Some LA Art Deco Gems
The Bullocks Wilshire, located at 3050 Wilshire Boulevard, is LA’s Art Deco staple. Take a walk around it and look closely at those windows, that geometric symmetry. Look at it from different angles. You’ll love it. So, shall we move on to the next one? We’re nearing the end of our virtual Los Angeles Architecture tour.
6. Hollywood Regency Style
This Los Angeles Architecture model borrows from the 19th century Greek and French Revivals, mixing it with modernist style and some Tinseltown glamour.
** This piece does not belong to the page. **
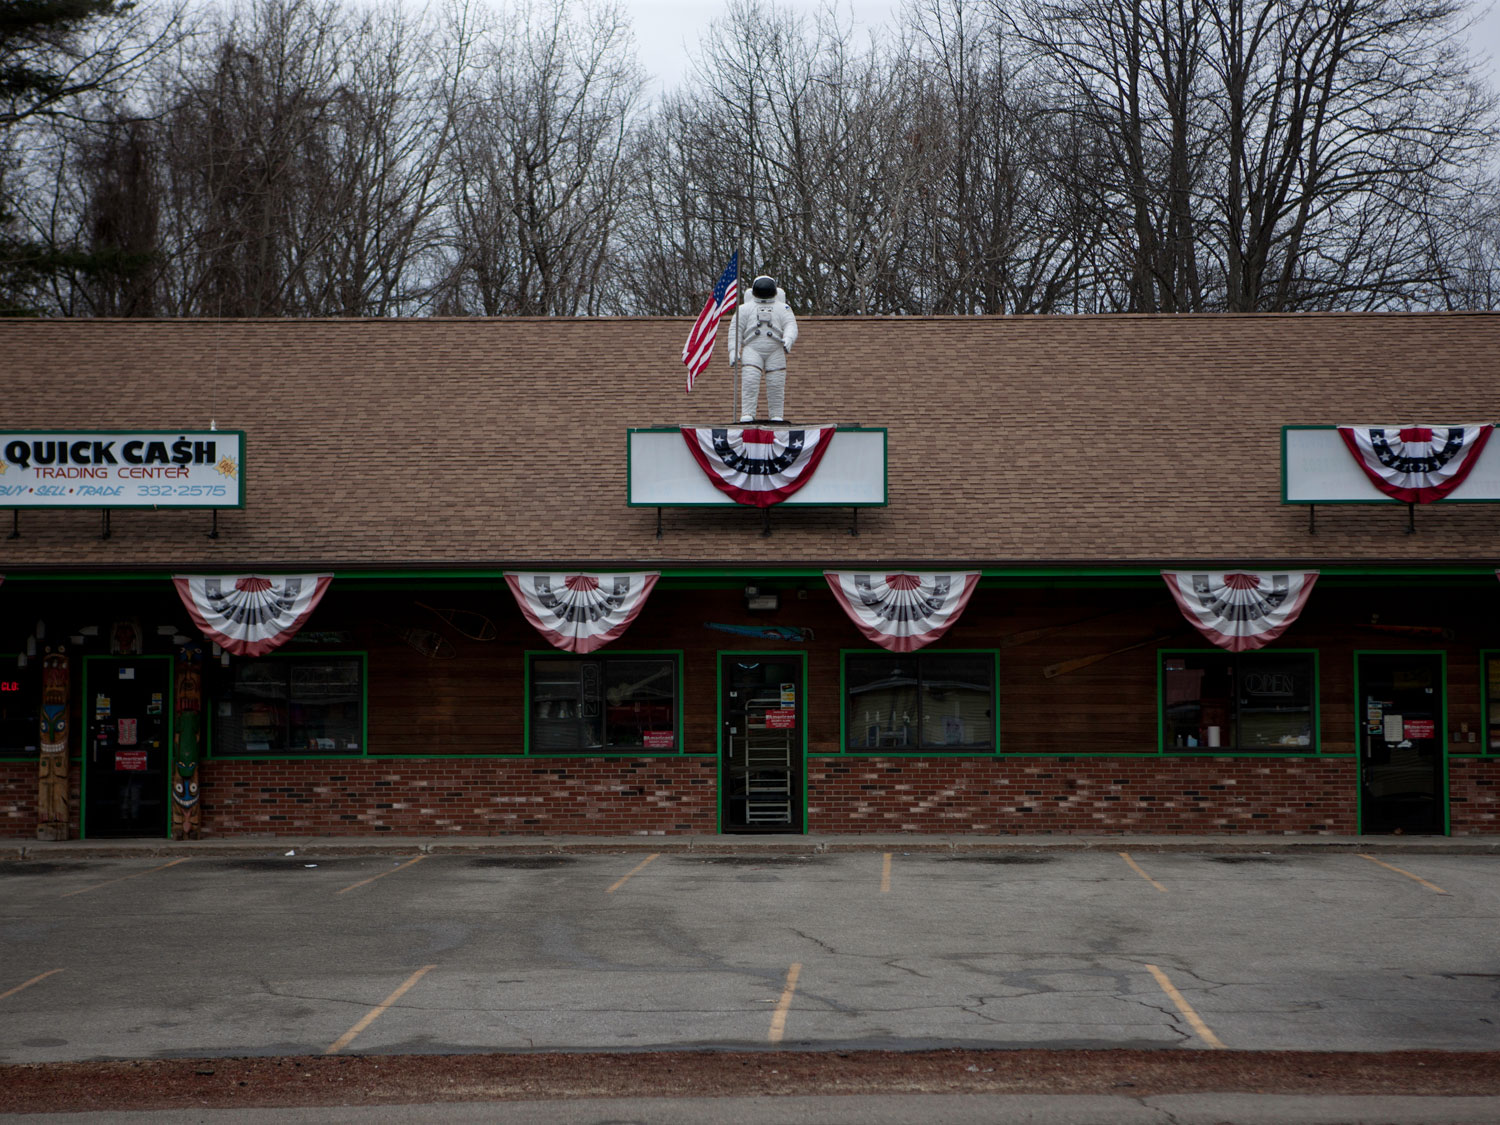 Image: Flags decorate a strip mall near Rochester, N.H. just days before the primary election. Jan. 8, 2012.

So, wondering which are the most defining characteristics of Hollywood Regency Style? Look out for mansard roofs, giant Pullman doors and intricate mouldings and pavilions with oval windows! You really can’t miss them.
7. Midcentury Modernist Los Angeles Architecture
After World War II, Los Angeles Architecture got a new breath of fresh air. The architects would build with optimism and relatively inexpensive and efficient materials.
They loved clean lines, open plans, walls of glass that would minimize the difference between indoors and outdoors.
In the 1980s and 2000s, Postmodernism would arrive. This meant a lot of irregular, fragmentary shapes, crazy colours and ideas. Truly inspiring!
So, what’s your favourite Los Angeles Architecture style and why?